I’ve been trolling the internet for Clay Shirky ever since I stumbled on him in some random post somewhere. He’s informed, insightful, well spoken, bald, and entertaining, and listening to him helps me make sense of what’s going on in the world a bit more. My beautiful wife recently cashed in some Air Miles to get me a bookstore gift-card, and I’m thinking really hard about blowing it on his latest book.
This video is why I like him. He describes a power law for we non-statisticians, eloquently and graphically explaining the law behind that oft quoted stat: 20% of church members do 80% of the work. He also makes some great predictions for where we’re heading. Pointing to the rise of social networking and cheap communication, he argues that we’re at the beginning of a time of chaos, much like the one that followed the printing press, guesstimating that it will be 50 years before we really know what the new structures will look like. In the meantime, non-institutional groups willing to give away control and work for less or no profit will garner incredible cultural capital. The reason behind this is institutions’ inability to capture the contributions of the high percentage of single-contribution-participants in the power law, because single-contribution-participants are not cost-effective. Flickr is happy to have someone contribute a single photo, because it adds to their pool. Nobody wants an employee who contributes one idea (unless it’s really valuable), because they don’t carry their weight. Blogging, I’ll point out, is an example of this sort of phenomenon. Unfortunately for me, I make no profit without any real cultural capital. Blast! That’s alright. I notice that Clay turns to writing a book for institutional publishers and distributors when he wants to make a buck.
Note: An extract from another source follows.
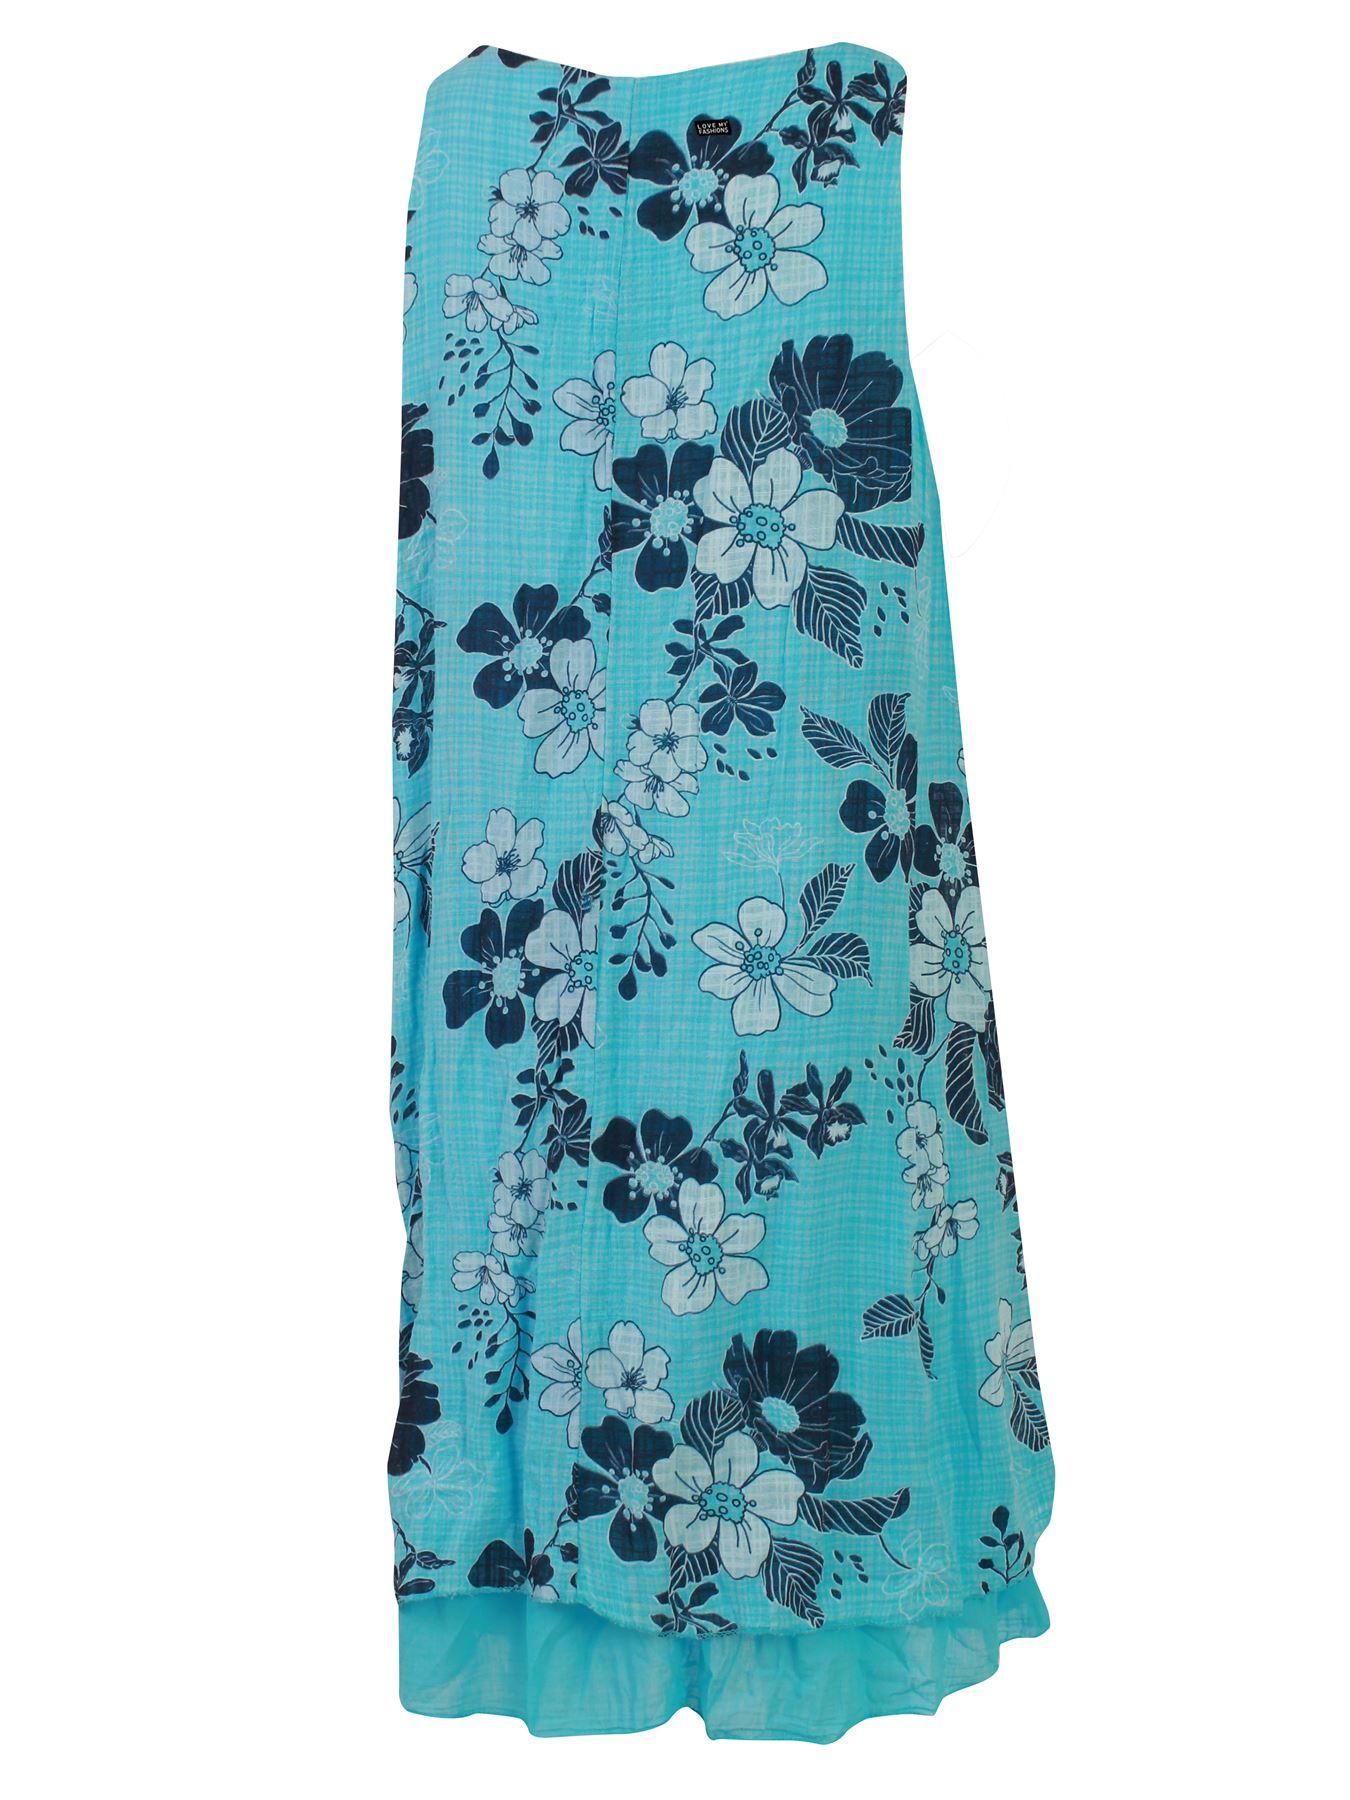 Womens-Floral-Print-Italian-Fashion-Lagenlook-Summer-Cotton-Crew-Neck-Dress thumbnail 27

What’s this mean for disciples of Jesus? Others have already pointed out the structural (not ideological) similarity between missional church and terrorist networks. If we take this seriously, it means rethinking how and if we identify who’s in, and looking hard at networked groups of smaller churches as part of the way forward. As Clay so poignantly says, we’ve no idea where this is taking us, so we might as well get really good at it.
On the flip side, just because it’s the way things are going doesn’t mean that we should go blindly along with it. Is including and encouraging single-contribution-participants congruent with Jesus’ demands on our lives in His radical call to discipleship? Should we not call people to something higher?
Yes and no. Creating an environment where hundreds of people drift in and out of a church without ever being asked or expected to sacrifice, commit, or spend time with people they don’t automatically like is not the church Jesus founded, even if it’s done in the name of being seeker sensitive. On the other hand, networking Christian communities of various sizes in such a way that devoted followers of Jesus can make occasional contributions to shared projects and one another’s communities is incredibly cool. The first scenario flies in the face of Ephesians 3. The second sounds a lot like Paul’s offering for the Jerusalem church.
I’ll give you a quick example of what this looks like, and then I’ll stop typing before this gets out of hand. For our last day at the BSM club table, we had a friend spend several hours aggressively and effectively passing out flyers and signing people up for our club. Somehow she was able to yell at people, and have them like her for it. It’s a gift. She’s not a member of our club, or any other, as far as I know. Had we limited participation to committed members, we would have connected with far fewer students on Friday. She blessed us, and while she may not be committed to us, she is a regular in the chaplains centre, and, to all appearances, a devoted follower of Jesus.
The Kingdom of Heaven, as we learned at Tapestry Sunday morning in Matthew 13, is difficult to define, and surprising and mysterious in its workings. We try to take control, and in so doing, we lose it.